Захар представил, как Татарин стреляет в голову загнанного человека.
Зачем бежишь? Прячься! Забейся в дыру, затихни – пережди. Впрочем, он уже не бежал, излишки здоровья иссякли, и изможденное тело валилось с ног, на которых его держал только страх. Липкий, вязкий, отвратительный страх смерти.
Захар оглянулся, никого не увидел и быстро нырнул в пустой дверной проем. Давя в себе животное желание бежать, осторожно двинулся по сумрачному, покрытому неровными проплешинами буро-зеленой кафельной плитки помещению. Пустая, лишенная прежней усердной жизни душевая для работяг. Тишина лопнула под ногами куском расколотой плитки, нервно захрустела. Захар болезненно изогнулся, словно существовало движение тела, способное вобрать в себя вырвавшийся звук. Прислушался. Когда тишина осела обратно, он снял туфли. Длинное стойло душевых кранов, между которыми не было перегородок, привело к другой двери. Захар медленно, боясь, что она сорвется на скрип, отворил ее. Перед ним открылся заброшенный и со временем потерявший былую многоцветность своей омерзительности нужник.
Сквозь тишину прорезался и быстро стал нарастать шум шагов. Захар инстинктивно захлопнул дверь, в последний момент поймав ее и не дав соприкосновению с коробкой породить звук. Но дверная петля успела просочиться тонким скрипом, и скрип этот, быстро стихнув, так и остался жить внутри Захара.

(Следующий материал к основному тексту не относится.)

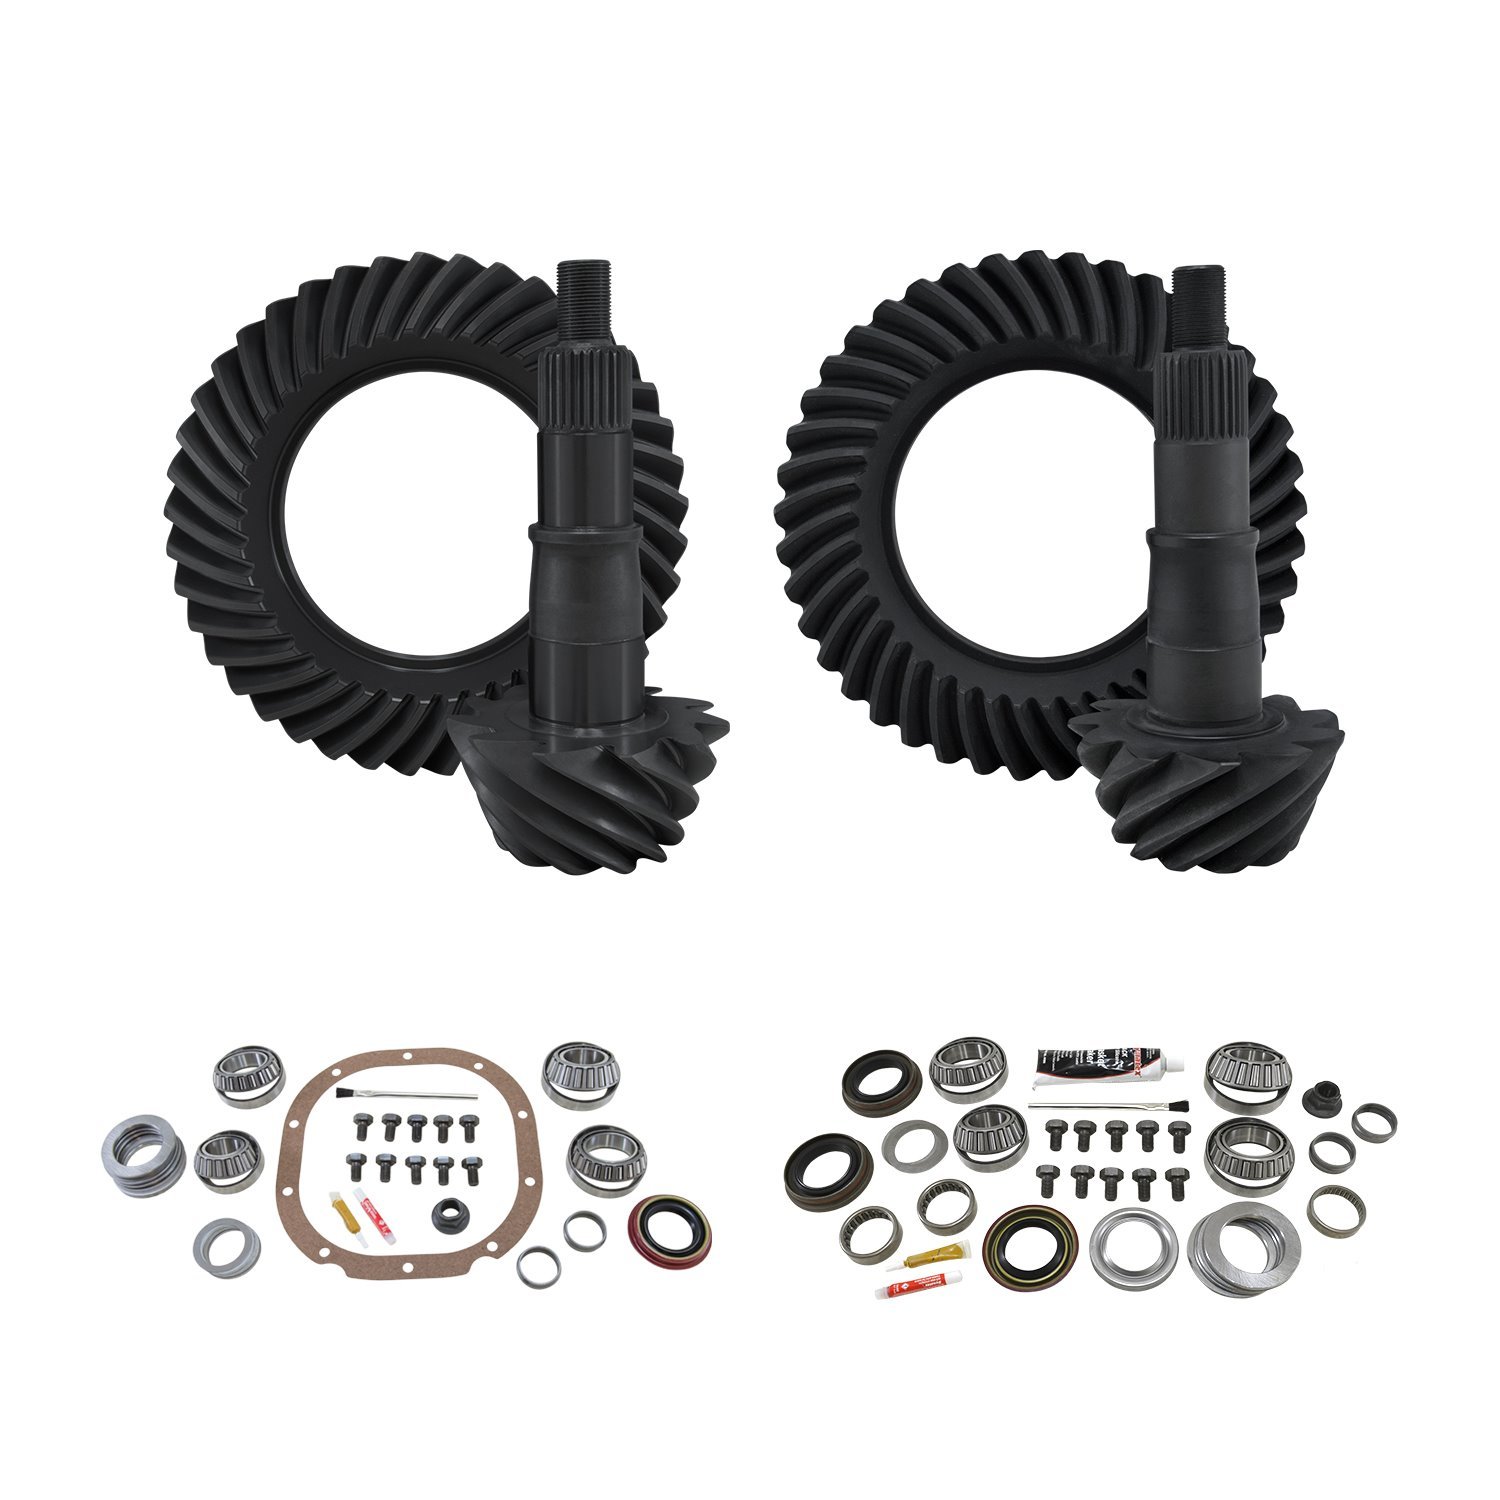 Re-Gear & Installation Kit, Ford 8.8 in., 2000-2008 F150, 3.73 Ratio, Fr&Rr

Шаги приближались. Захар пытался разгадать их. Они были явными, неторопливыми, нескрываемыми. Так мог идти и обреченный, измученный Бурундук, и всегда уверенный в себе Татарин. Захар отошел вглубь огромной, человек на двадцать, уборной и уперся в стену. Свет в помещение почти не проникал – мутные пятна узких окон, бессмысленно замазанных краской, находились под самым потолком, на высоте нескольких метров. Это был тупик.
Захар спрятался в дальней кабинке. Кабинки были открытыми, без дверей, только небольшие перегородки создавали условность интимной обособленности.
Шаги приблизились, и дверь, ведущая из душевой, открылась. Кто-то вошел.
Захар сжался, упершись взглядом в отверстие старого нужника в полу рядом с собой. Если бы он мог всунуться туда, он сделал бы это.
Человек у двери шумно хрипел, и хрип его давал надежду загнанному в ловушку Захару – Бурундук это, Бурундук. Захар осторожно выглянул из-за перегородки – темная фигура тяжело дышала, согнувшись. Лицо вошедшего разобрать было нельзя, и Захар напряженно ждал, не решаясь выдать себя. Тут он увидел, как дверь позади человека начала медленно открываться, полумрак стал жиже, и Бурундук, заметив перемену света, побежал вперед – туда, где прятался Захар.